Action item
Taking the listing below, restate word for word each line from the line with "Lacoste Men's L.ydro" to the line with "Toilettes seches a", ends included, and stop there.

Dataset records
-------------------------
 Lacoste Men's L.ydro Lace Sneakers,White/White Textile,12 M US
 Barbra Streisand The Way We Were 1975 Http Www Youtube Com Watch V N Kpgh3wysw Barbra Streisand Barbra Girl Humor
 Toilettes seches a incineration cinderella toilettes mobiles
-------------------------
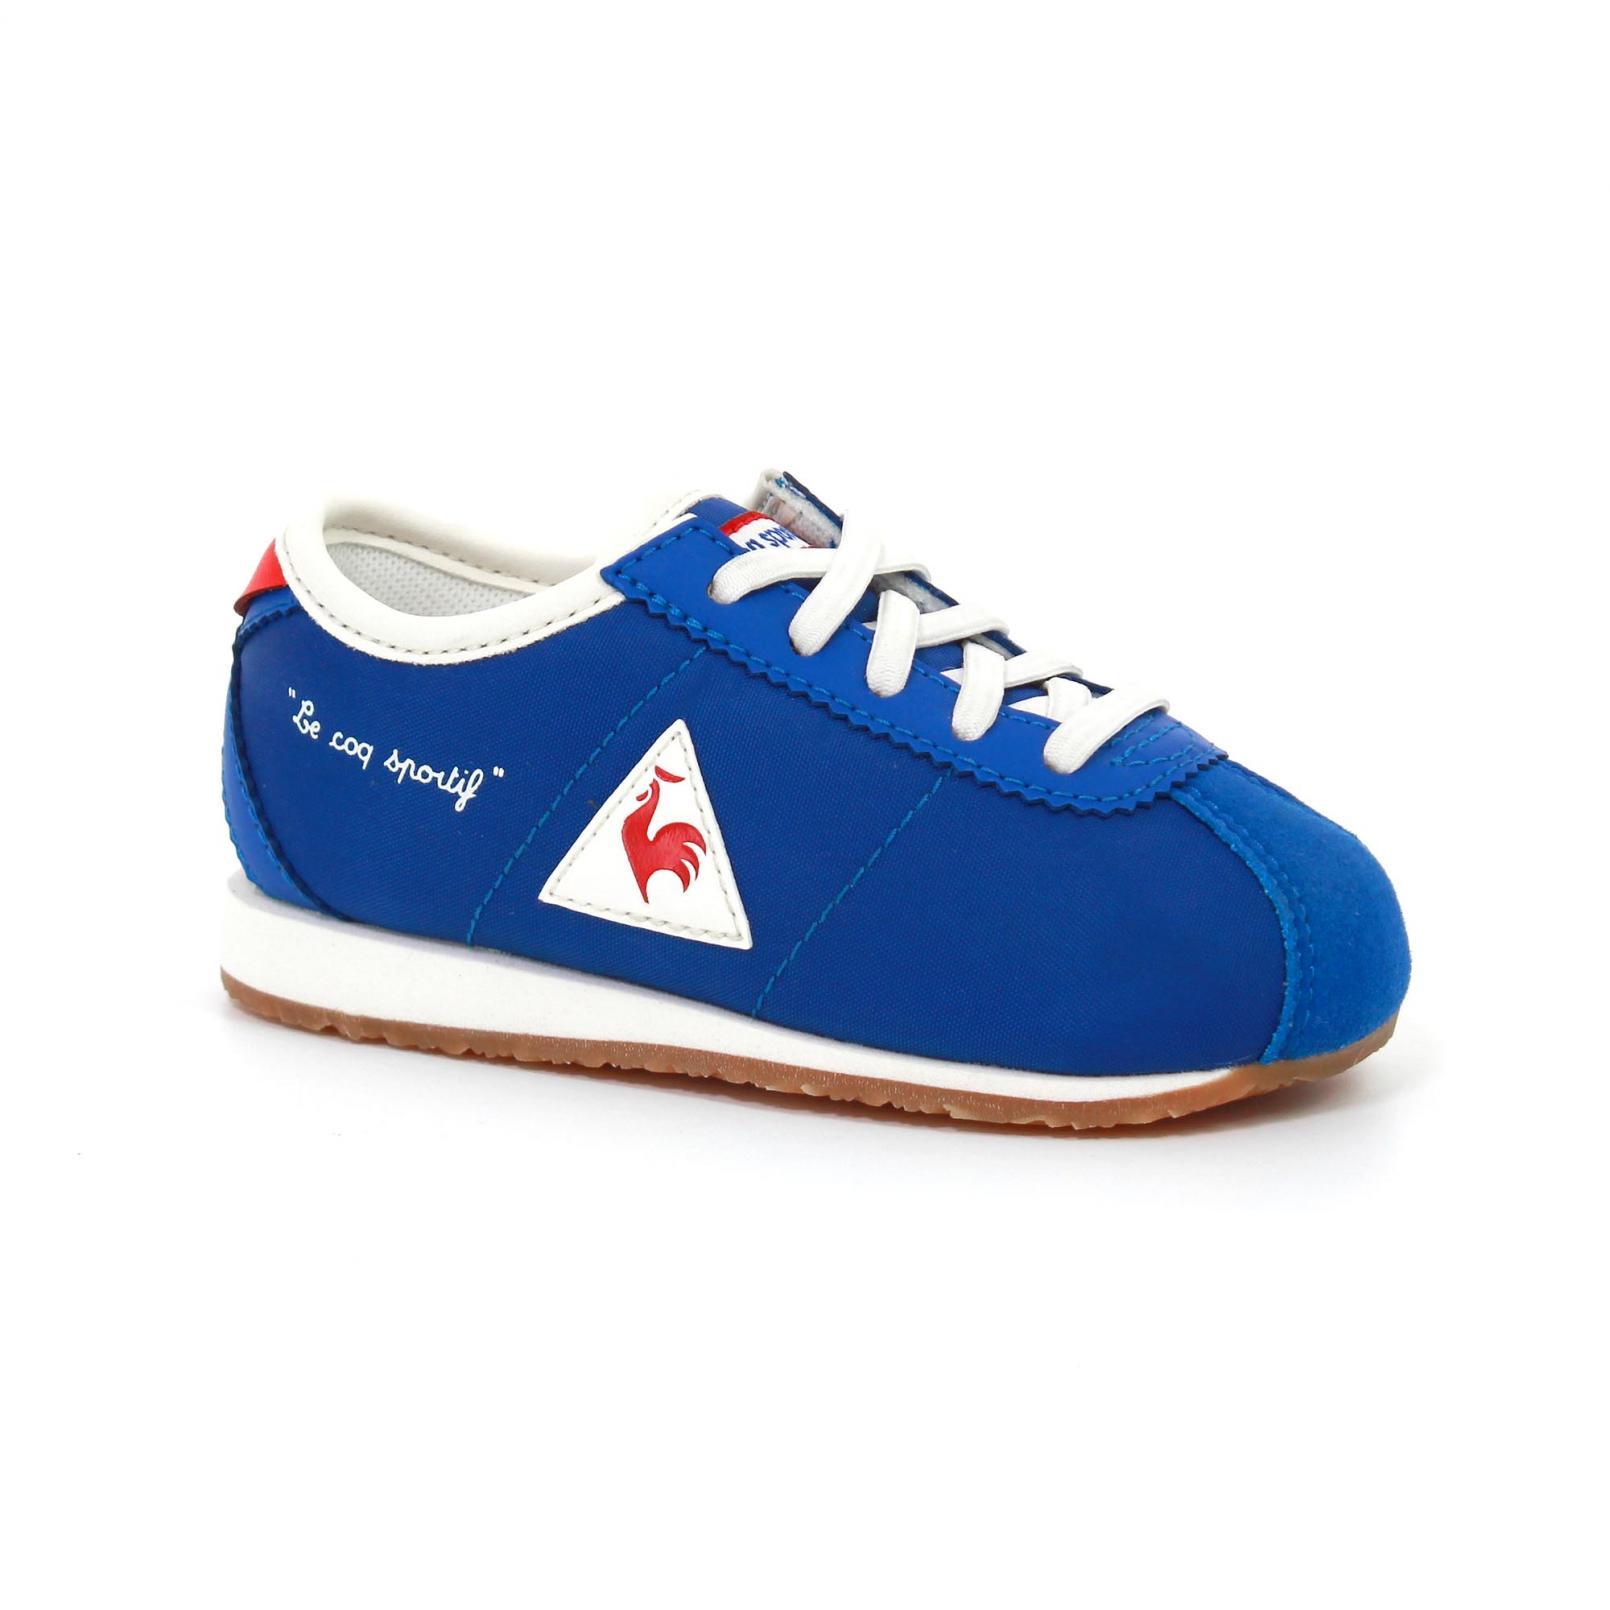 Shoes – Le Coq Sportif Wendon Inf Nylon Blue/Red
-------------------------
Response area
 Lacoste Men's L.ydro Lace Sneakers,White/White Textile,12 M US
 Barbra Streisand The Way We Were 1975 Http Www Youtube Com Watch V N Kpgh3wysw Barbra Streisand Barbra Girl Humor
 Toilettes seches a incineration cinderella toilettes mobiles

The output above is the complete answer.